1〕章学诚.史考摘录〔A.仓修良编.文史通义新编〔M.上海古籍书店, 1933. 339.

2〕罗志田.温故知新:清季包容欧化的国粹观〔J.中华文史论丛, 2001年待刊.

3〕钱玄同.刊行《教育今语杂志》之缘起〔A.钱玄同文集:第2卷〔M.中国人民大学出版社,

1999. 312.

4〕傅斯年.历史语言研究所工作之旨趣〔A.史料论略及其他〔M.辽宁教育出版社, 1997. 46.

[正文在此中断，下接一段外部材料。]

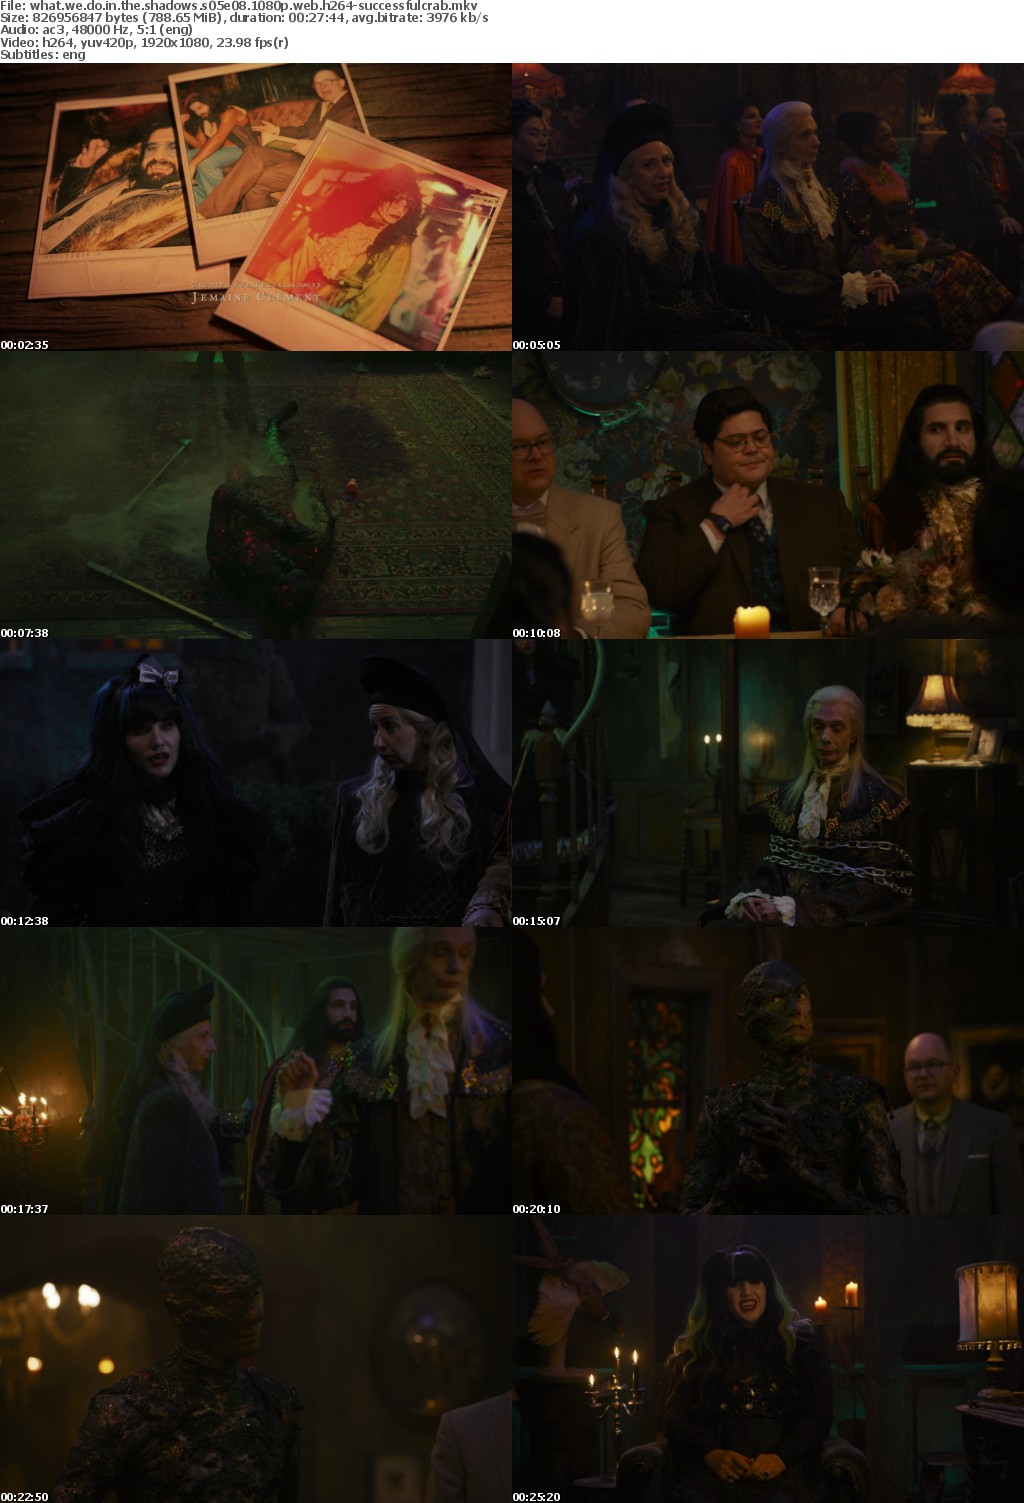 What We Do in the Shadows S05E08 1080p WEB H264-SuccessfulCrab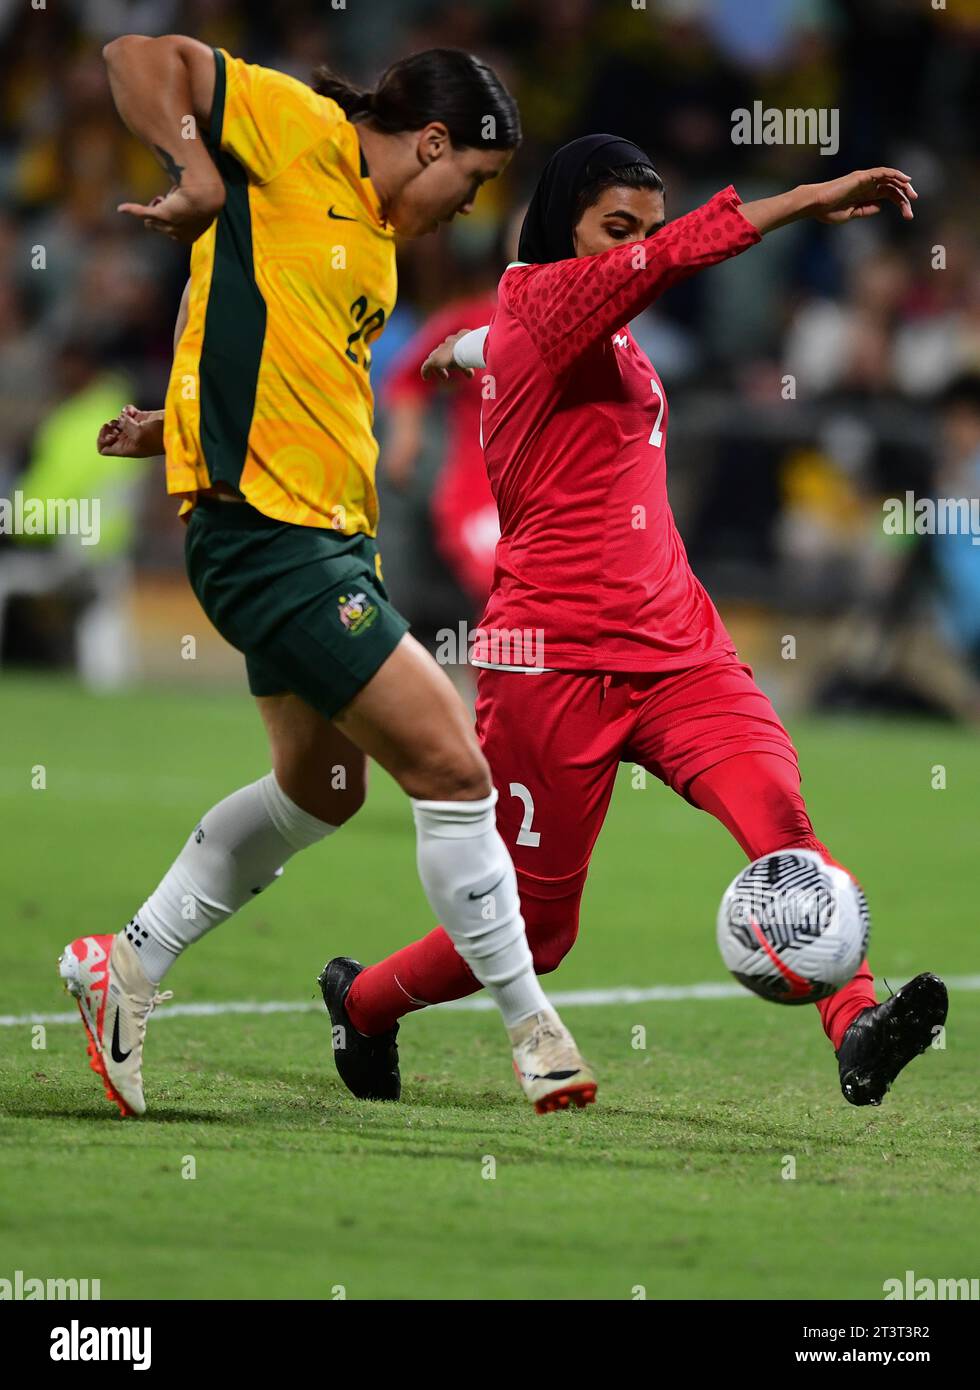 Perth, Australia. 26th Oct, 2023. Samantha May Kerr (L) of the Australia women's football team and Fatemeh Amineh Borazjani (R) of the Islamic Republic of Iran women's football team are seen in action during the 2024 AFC Women's football Olympic Qualifying Round 2 Group A match between Australia and Islamic Republic of Iran held at the Perth Rectangular Stadium. Final score Australia 2:0 Islamic Republic of Iran. Credit: SOPA Images Limited/Alamy Live News Stock Photo

5〕傅斯年.毛子水《国故和科学的精神》附识〔J.新潮, 15(191951).上海书店

1986年影印本. 745.

6〕郑伯奇.国民文学论()J.创造周报, 35(192416) 6.

7〕许啸天.新序〔A.国故学讨论集:第1集〔C.3-4.

8〕梁实秋.灰色的书目〔N.晨报副刊, 1923-10-15 (1).人民出版社1981年影印本.

9〕蔡尚思.中国学术大纲〔M.上海:启智书局,1931. 5.转引自钟少华.试论近代中国之“国学”研究〔J.学术研究, 1999 (8) 30.

10〕史地学报, 24(1923) 139.

11〕抗父(樊少泉).最近二十年间中国旧学之进步〔J.东方杂志, 193(1922210)33.

12〕罗志田.走向国学与史学的“赛先生”〔J.近代史研究, 2000 (3).

13〕罗志田.清季保存国粹的朝野努力及其观念异同〔J.近代史研究, 2001 (2).

 

(责任编辑:张小路)

 

按后来不少学人正如此主张,但这样一来,经整理而“分隶各种学科”之后,不论国学还是国故学都不复有存在的必要,对此各学者却无共识,详另文。

钱穆:《国学概论》, 1页,台北商务印书馆1963年影印1931年版。钱穆立论之时,“国学”本身已由高潮转向衰歇,郑振铎等人的态度转变即是一证。